如何在不使用“ |”的情况下将两组连接在一起

Assume that S and T are assigned sets. Without using the join operator |, how can I find the union of the two sets? This, for example, finds the intersection:

S = {1, 2, 3, 4}
T = {3, 4, 5, 6}
S_intersect_T = { i for i in S if i in T }

So how can I find the union of two sets in one line without using |?

You can use union method for sets: set.union(other_set)
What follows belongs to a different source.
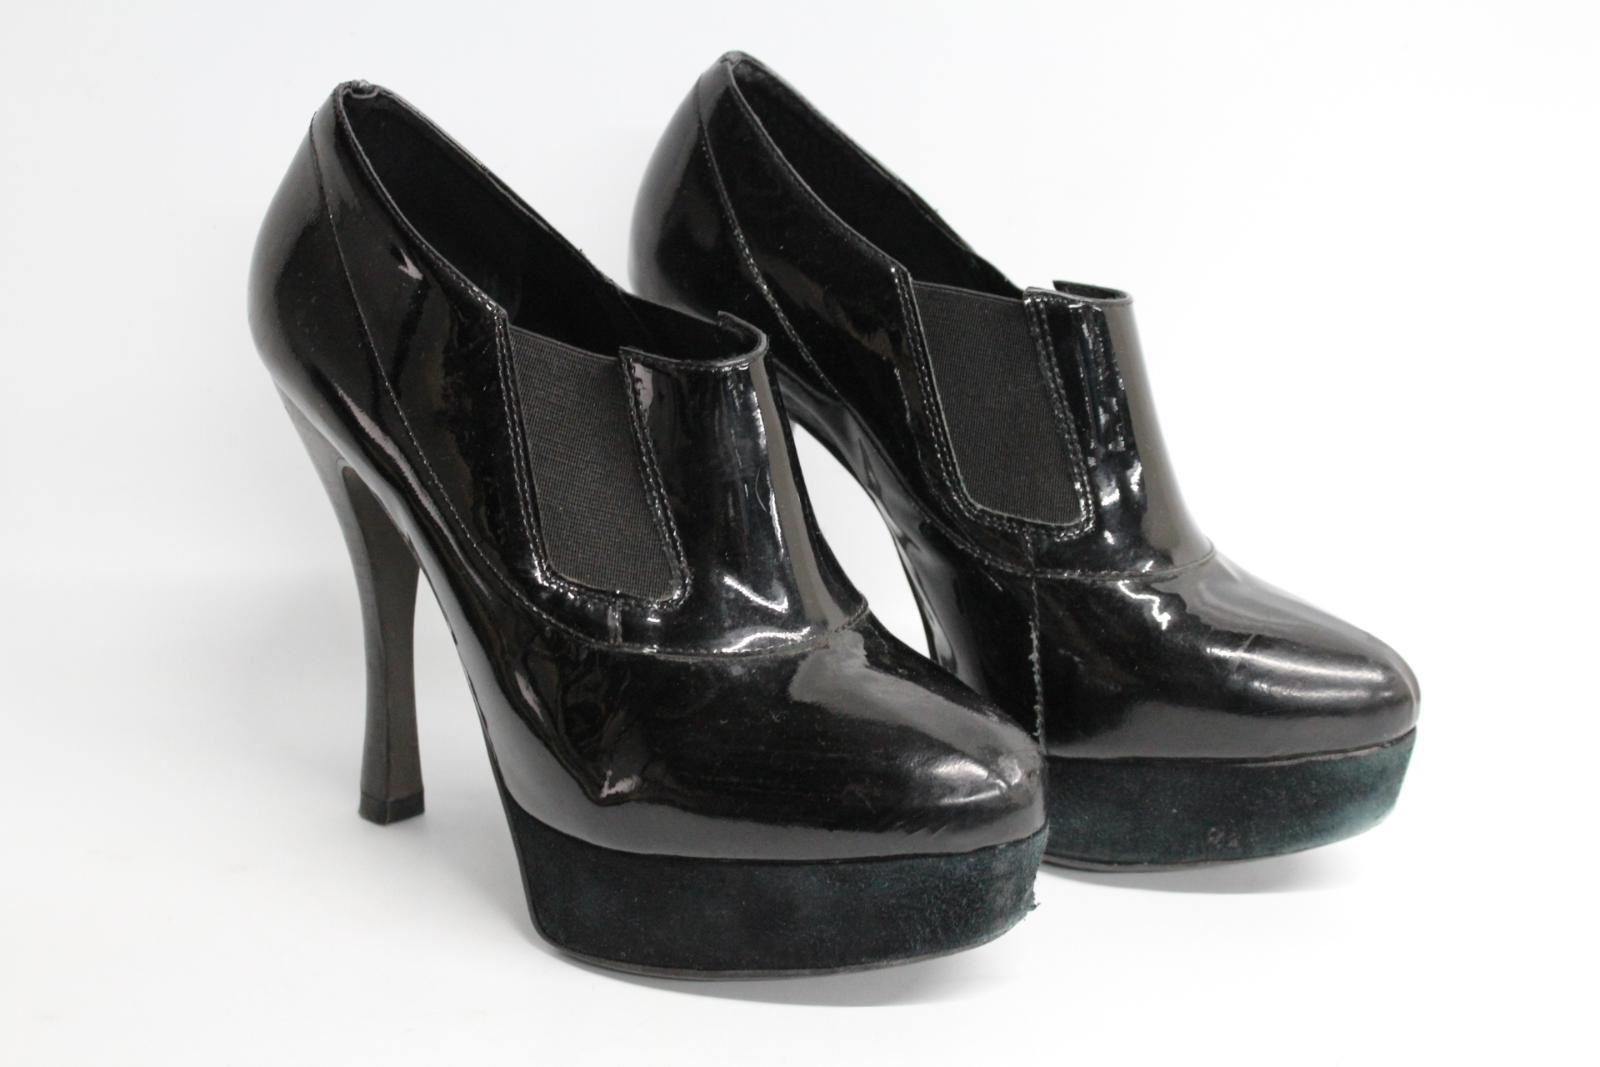 Carvela-Damas-De-Cuero-Negro-Resbalon-en-Zapatos-Tacon-Stiletto-botas-talla-UK7-EU40

Note that it returns a new set i.e it doesn’t modify itself.

You could use or_ alias:

>>> from operator import or_
>>> from functools import reduce # python3 required
>>> reduce(or_, [{1, 2, 3, 4}, {3, 4, 5, 6}])
set([1, 2, 3, 4, 5, 6])

If you are fine with modifying the original set (which you may want to do in some cases), you can use set.update():

S.update(T)

The return value is None, but S will be updated to be the union of the original S and T.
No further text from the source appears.